**THE TASK:** Copy the first line of the entries below and every line after it through the line containing "Apricot & almond frangipane tart". Do not include pictures.

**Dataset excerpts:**
Start of Block

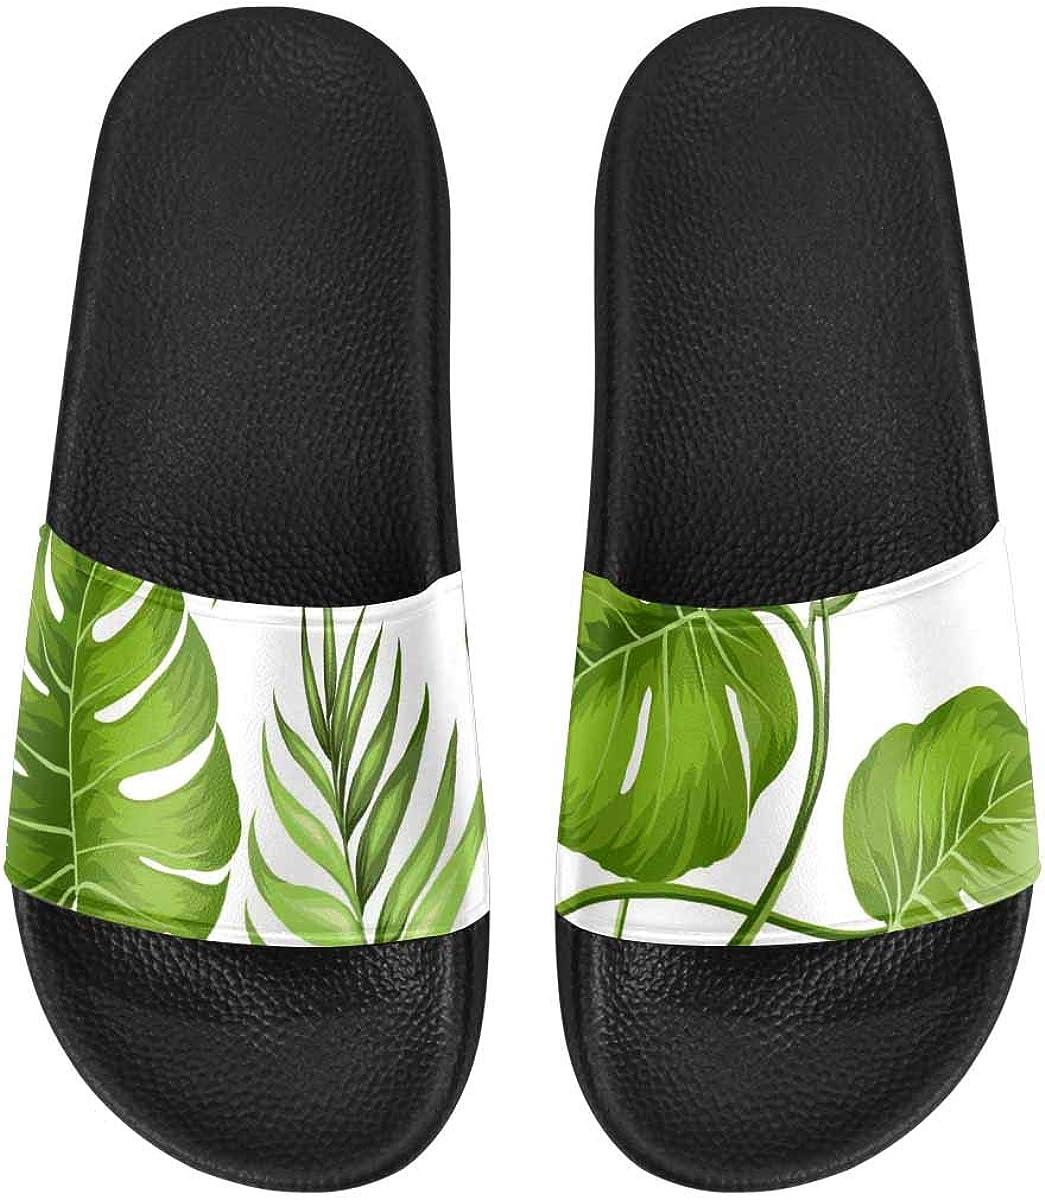 InterestPrint Women's Casual Slide Sandals for Indoor Outdoor Skull and Flower of The Dead
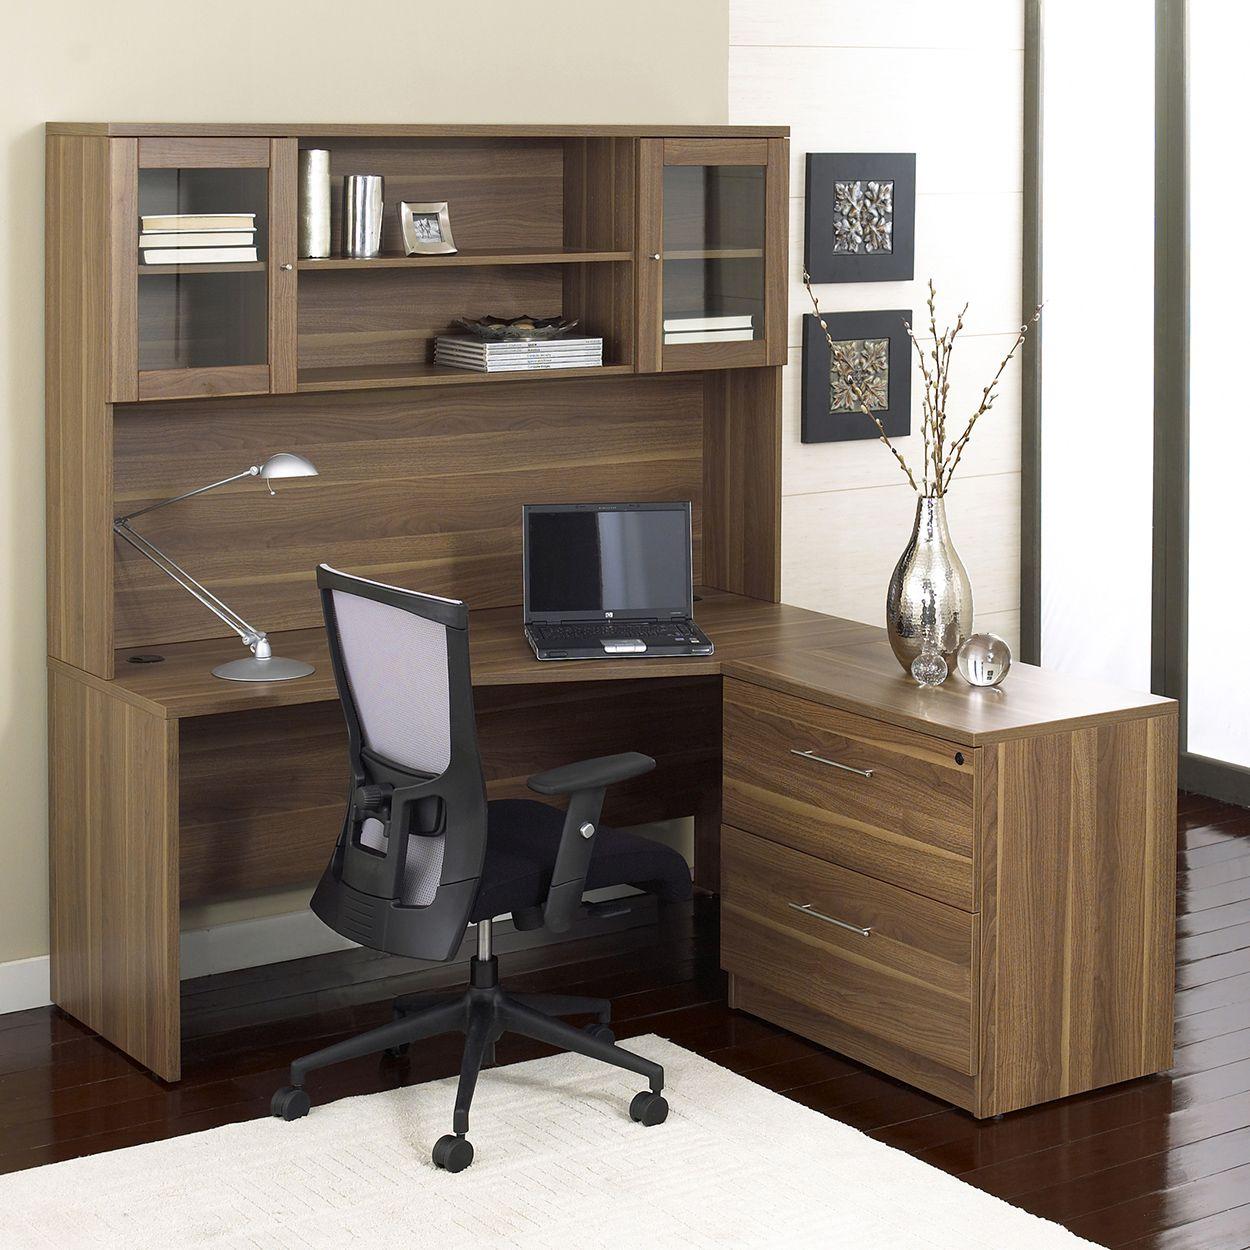 series corner desk. 100 Series 3 PC Desk And Hutch Office Set Is A Perfect Arrangement For Home / Corner
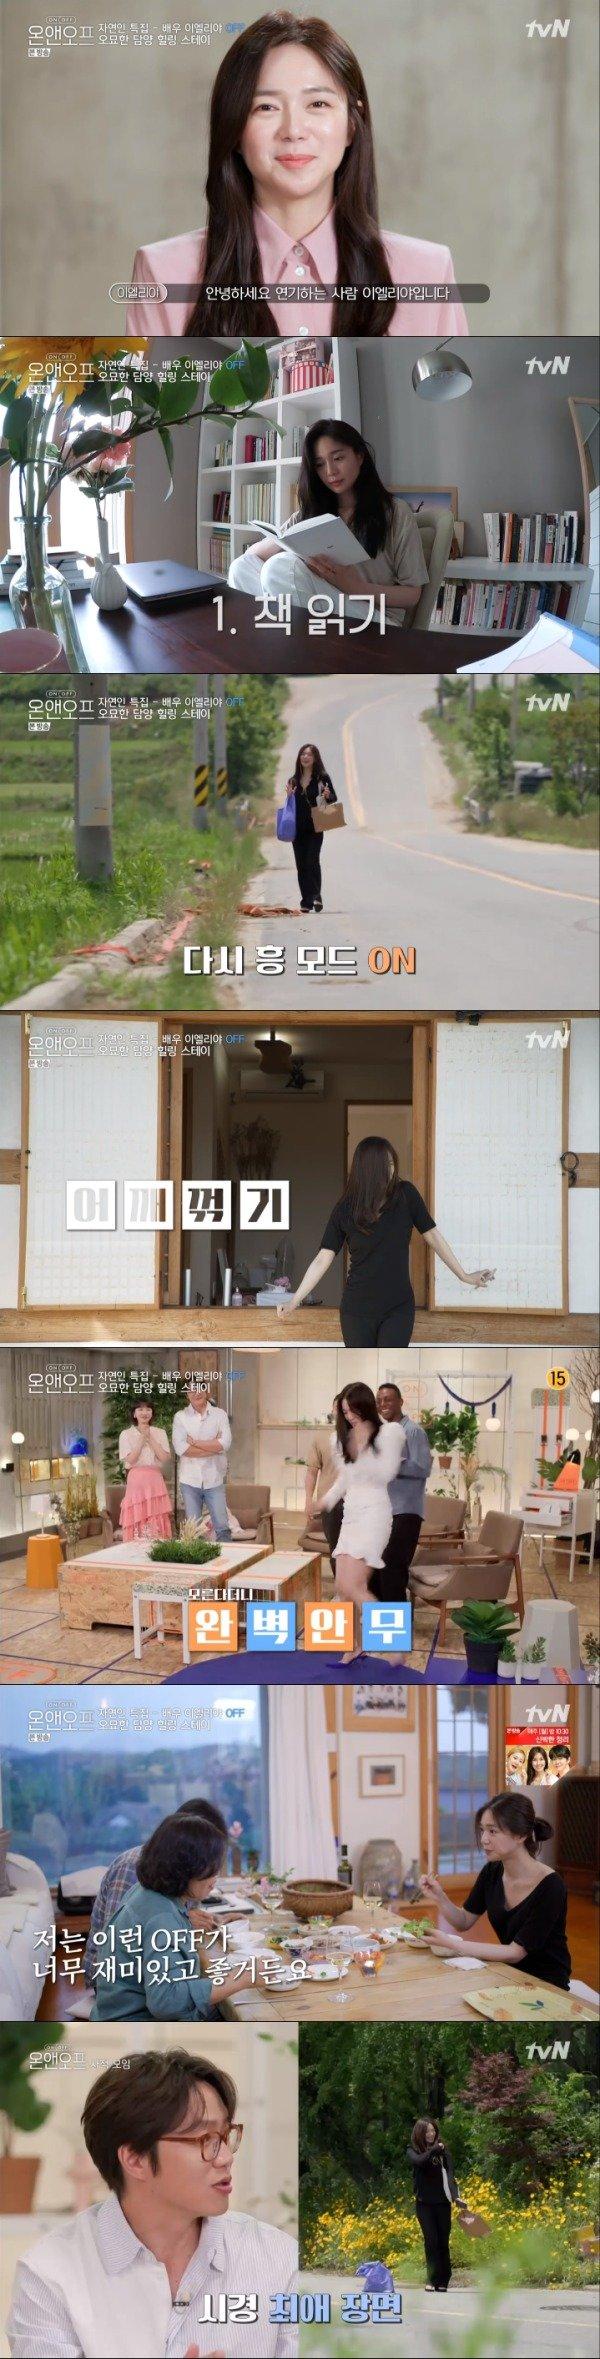 tvN '온앤오프' 방송 화면 캡처 © 뉴스1
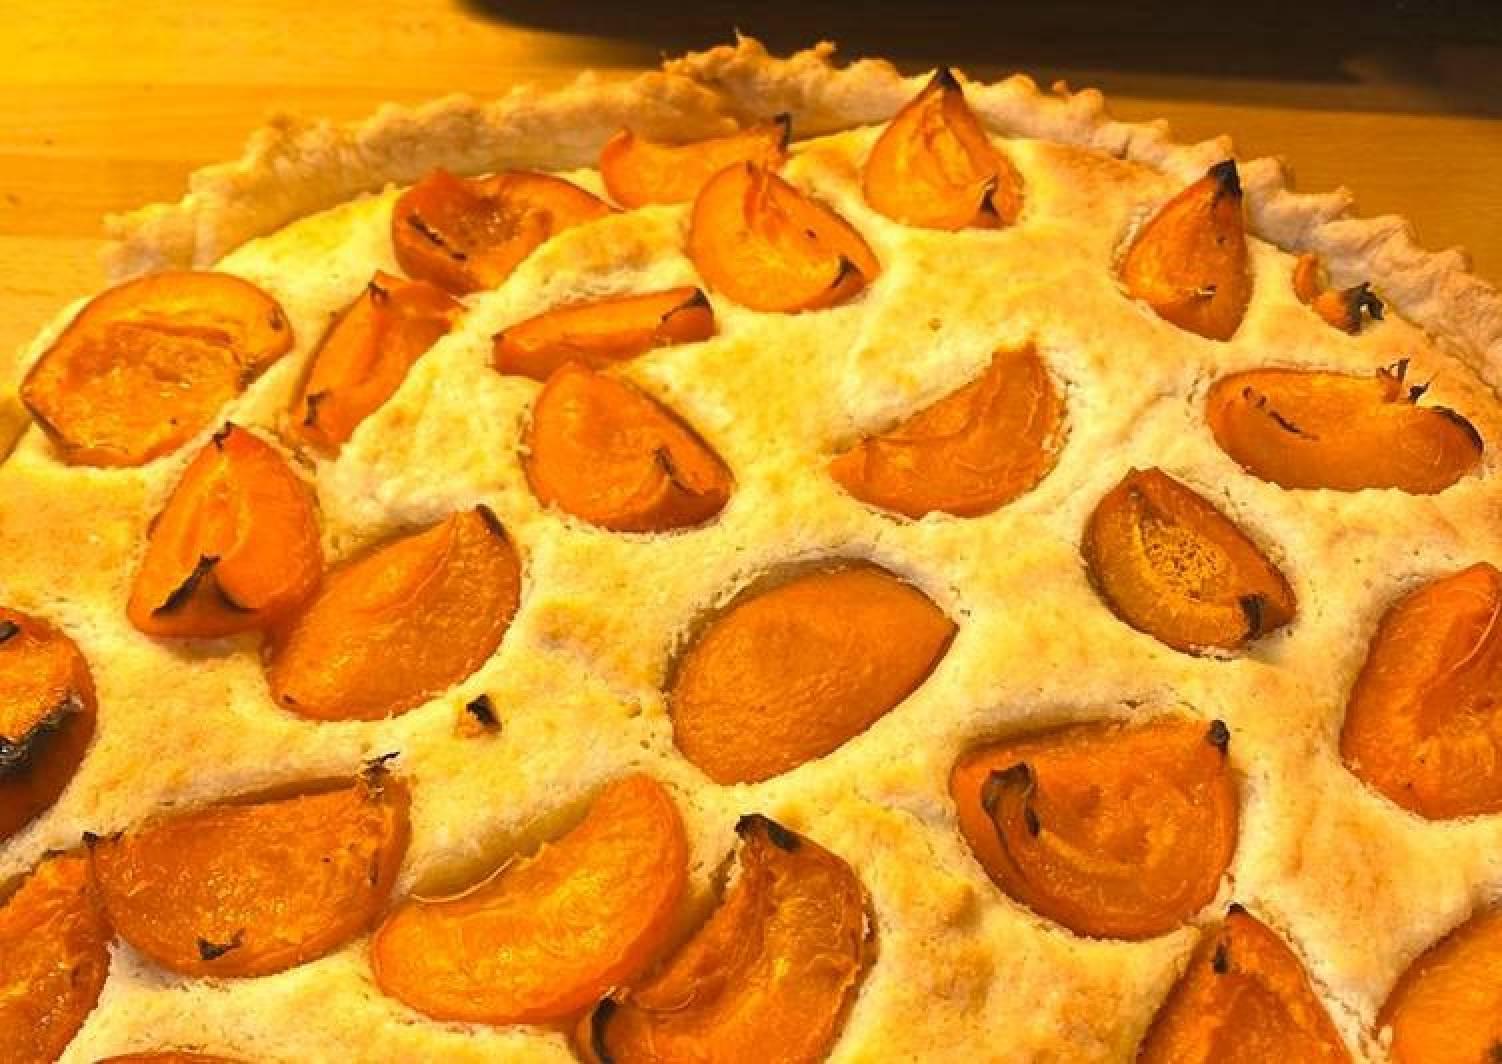 Apricot & almond frangipane tart
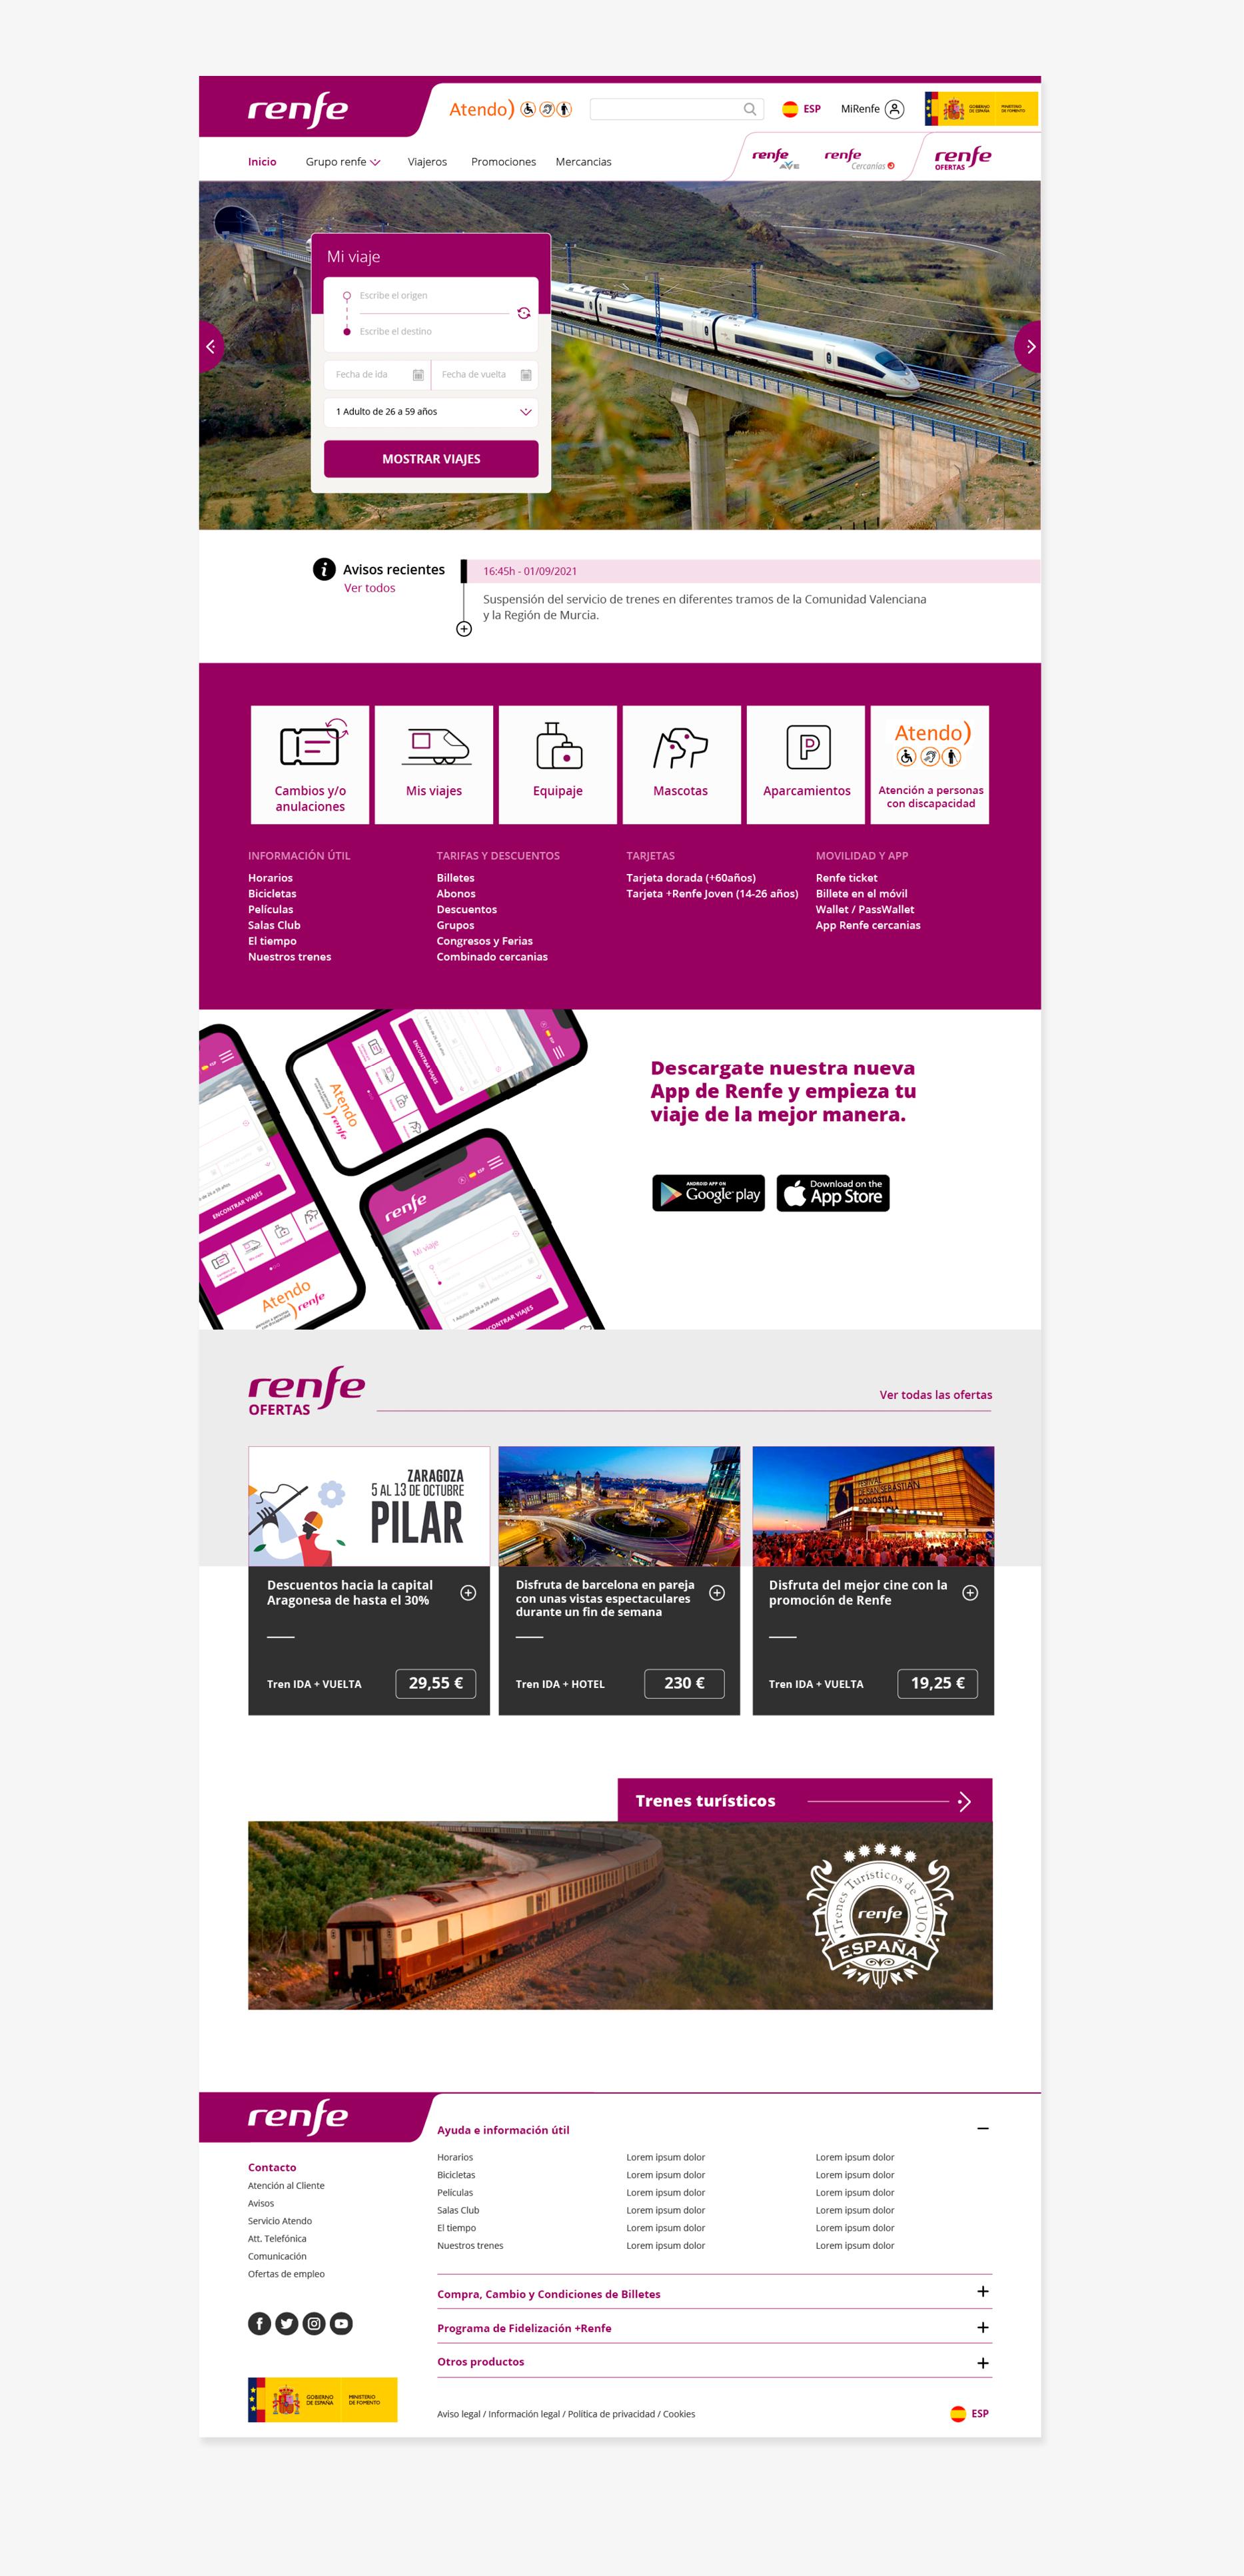 rediseño-web-renfe-diseño-nuevo-2019-20203

End of Block

**PROBLEM SOLUTION:**
 InterestPrint Women's Casual Slide Sandals for Indoor Outdoor Skull and Flower of The Dead
 series corner desk. 100 Series 3 PC Desk And Hutch Office Set Is A Perfect Arrangement For Home / Corner
 tvN '온앤오프' 방송 화면 캡처 © 뉴스1
 Apricot & almond frangipane tart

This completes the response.